Um, we just pray that you would remind us of the truth that you love us despite what we go through. That our suffering is not always a direct indication of your attitude towards us. In fact, if we are in you, we’ve accepted the life that you have to offer. That even in our suffering, you love us in those moments no less than we are, uh, when we are successful, when we are out of those seasons.

Father, we asked that we would be able to accept this as a truth in our lives. That it would fuel the way that we live, and that we would spread that to others that we would care about the lost, just like you car cared about us when we were lost. Uh, father, we give you this time, we ask that you speak to us each in the ways that, um, you want and that we would respond, that we’d have the courage to respond in the way that, uh, you want us to.

We pray all this in your name.

Group Guide

Looking for community? Join a Together Group!

Meal & Conversation

Open the night with a quick prayer over your time together. As your Group shares a meal, use the following question to check in with everyone:

  1. What are your highs and lows for the week?

 

Overview of Teaching

Of all the symbols or metaphors Jesus could use to reveal something to us about God, on the surface, “a gate seems a bit anticlimactic. Despite what we may think, though, Jesus was actually correcting the false ideologies about God that were and are still prevalent today. He reminds us that even in our seasons of suffering God still loves and protects us. He also declares that true life and salvation are attainable, but only through him. And finally, he clarifies that his invitation to true life is on offer for all who are willing to admit that they’re lost.

 

Discussion

Read John 9:1-7, then discuss the following questions:

  1. What stands out to you from this story of Jesus?
  2. What is the error of the disciple’s assumption made in verse 2?
  3. In what ways do you also find yourself living by this assumption?
  4. According to Jesus, why do bad things sometimes happen to people? Does this answer to suffering comfort you, or confuse you?

 

Now read John 10:1-10 and discuss the following questions:

  1. What stands out to you about Jesus’ declaration of himself in this passage?
  2. In your own words, why does Jesus describe himself as a gate?
  3. What truths does this communicate about the nature and role of God?
  4. How would you define the “life and life in abundance” that Jesus offers?

 

Group Practice to do right now.

When Jesus describes himself as the gate of a sheep pen, he’s correcting the false gospel of self-righteousness that was so prevalent in his day. This false gospel is based on performance, and is meant to keep people out of the Kingdom rather than let them in. Today, in order to reflect Jesus’ openness to his sheep, we practice praying for the lost.

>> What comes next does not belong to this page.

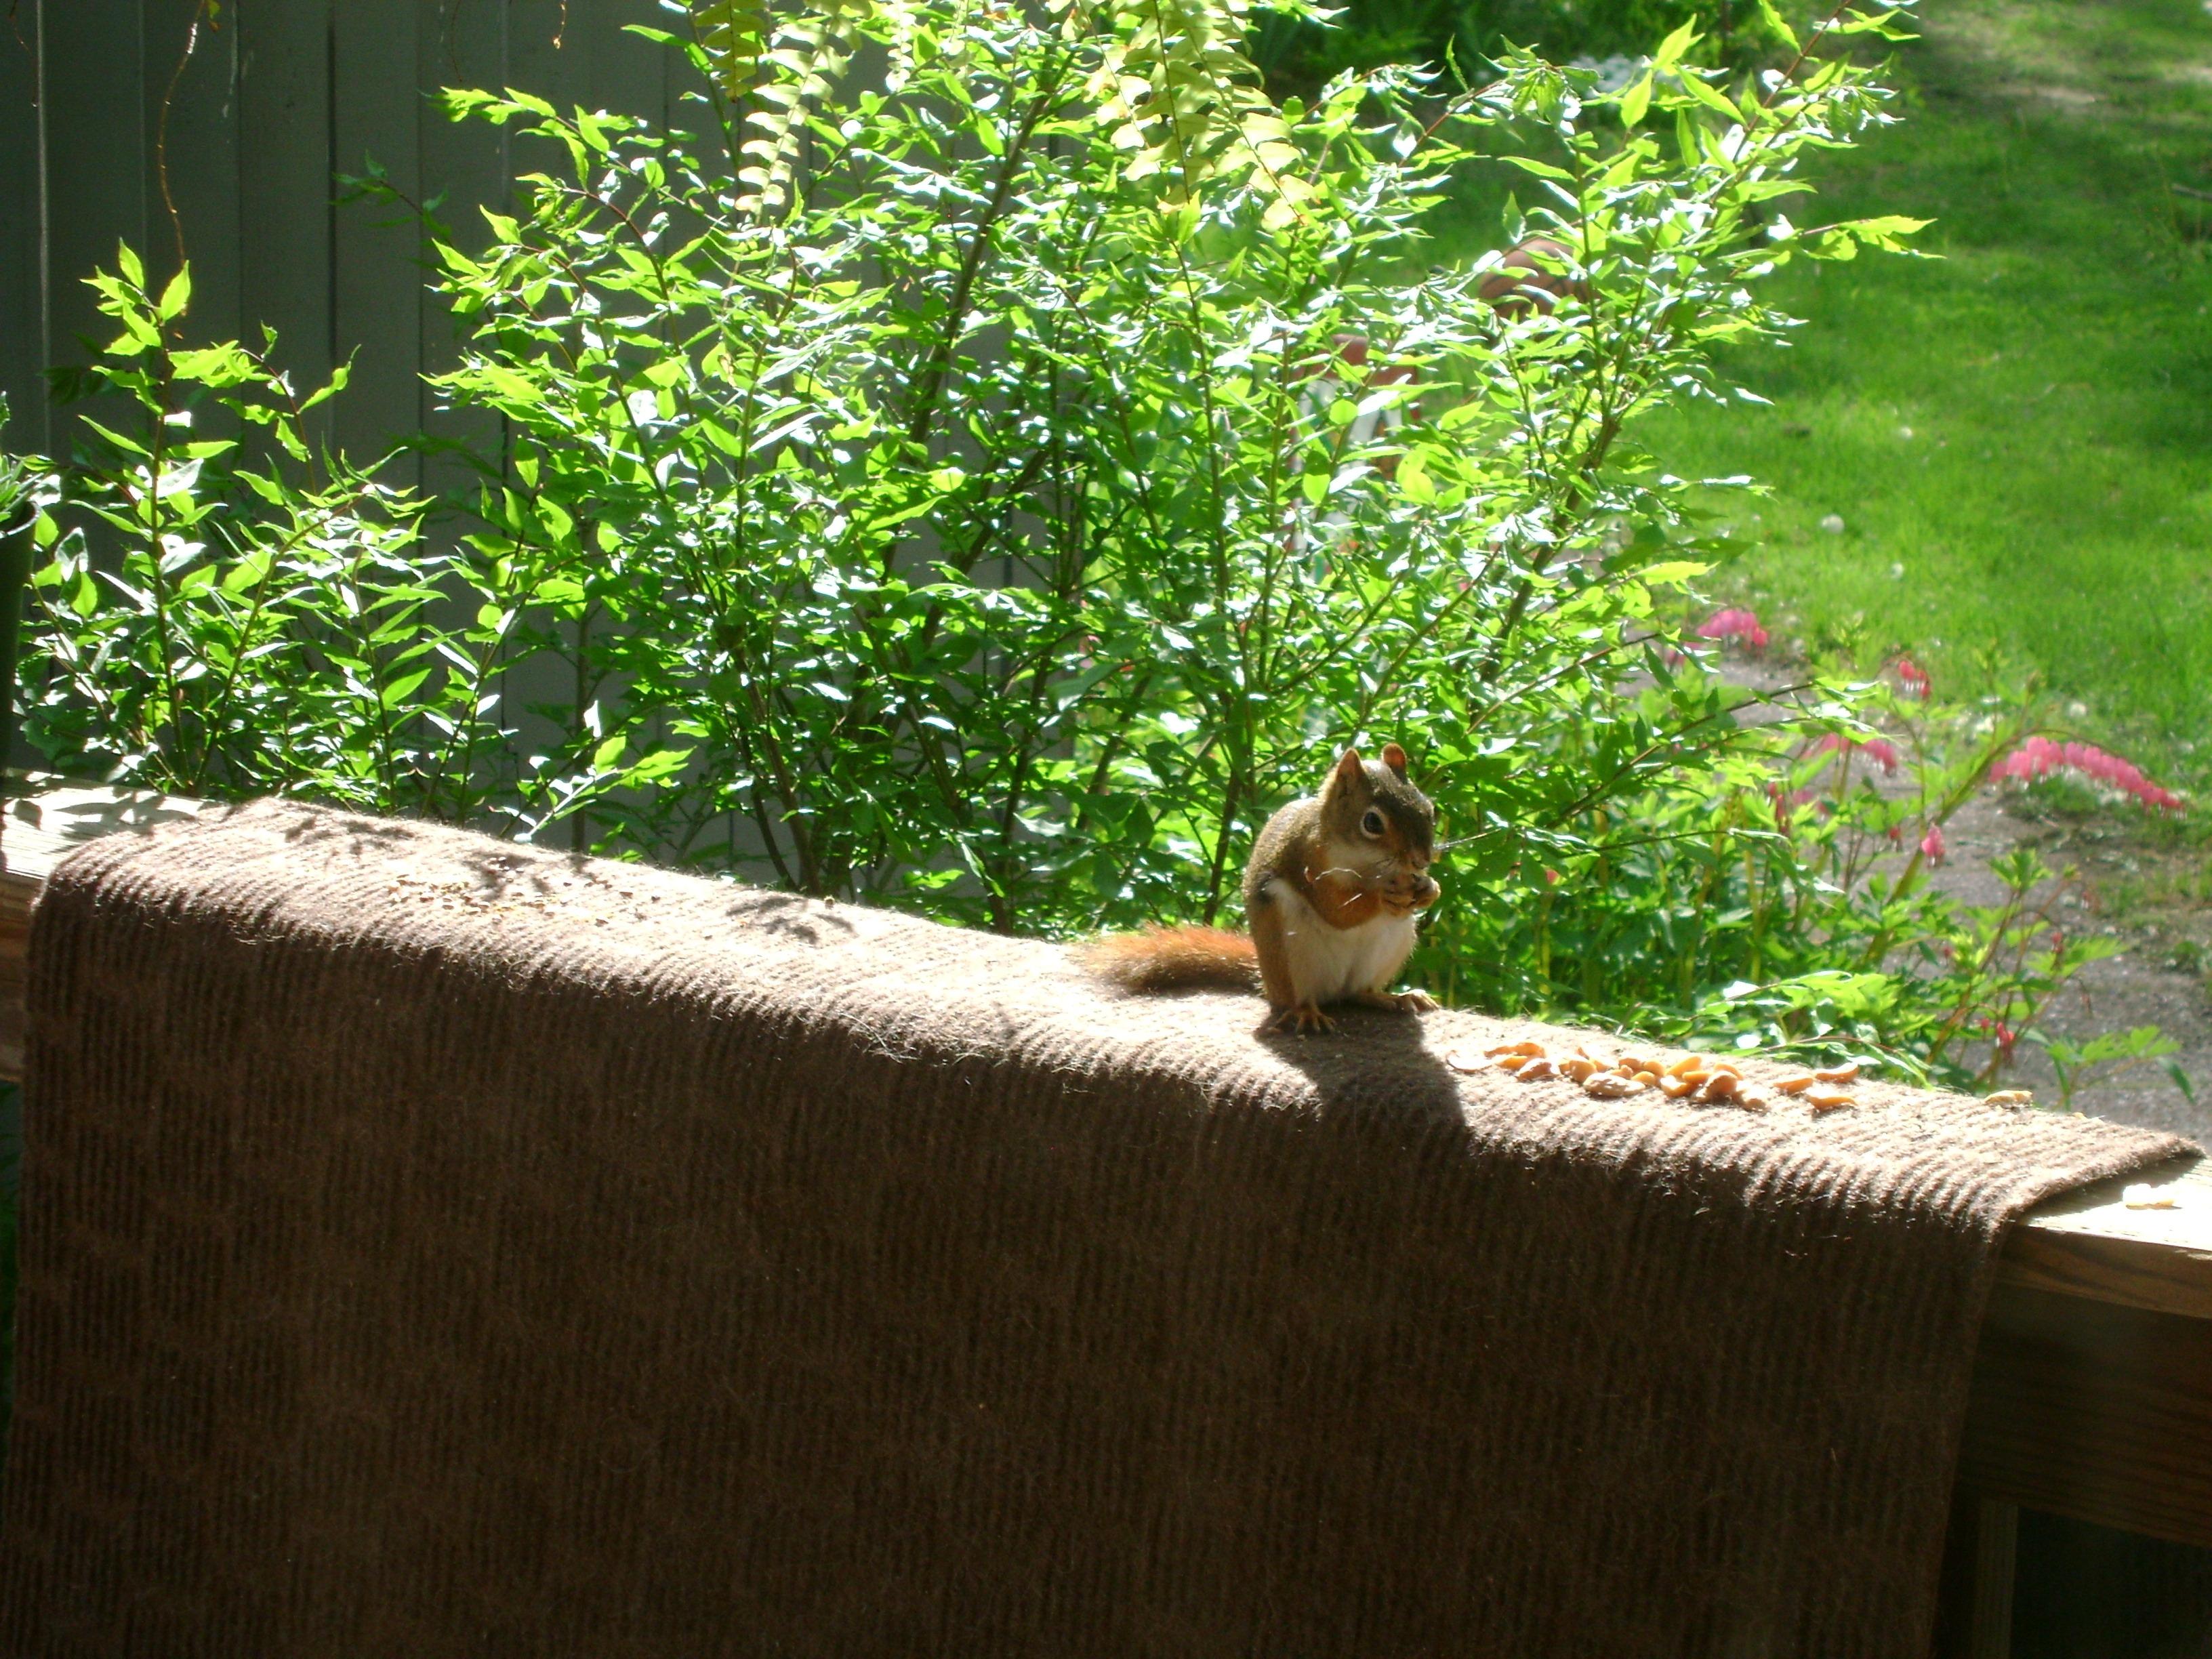 Images gratuites arbre la nature herbe plante bois lumi re du soleil feuille animal - Herbe a chat plante ...

  1. Spend some time silently reflecting on the lost people in your life who are outside of Christ.
  2. Once everyone has some people come to mind, discuss the following questions as a Group:
    1. In what way might God uniquely use you to reach this person?
    2. Where might the Spirit be inviting you to take a step towards one of these people and maybe even have a conversation with them about Jesus?
  3. End by praying for the lost people mentioned. If your Group is willing, go around and have each person offer up a short prayer for the people they’ve mentioned by name.

Group Practice for the week ahead.

Continue revising your Sabbath practice. One of the ways to fight against the false gospel of self-righteousness is to practice a weekly day of rest. By taking a day each week for Sabbath, we remember that Jesus’ righteousness is attributed to us when we put our faith in him, regardless of our performance and behavior. We can love and delight in God because he loves and delights in us.

 

Pray

As you end your night, spend some time praying for and encouraging one another.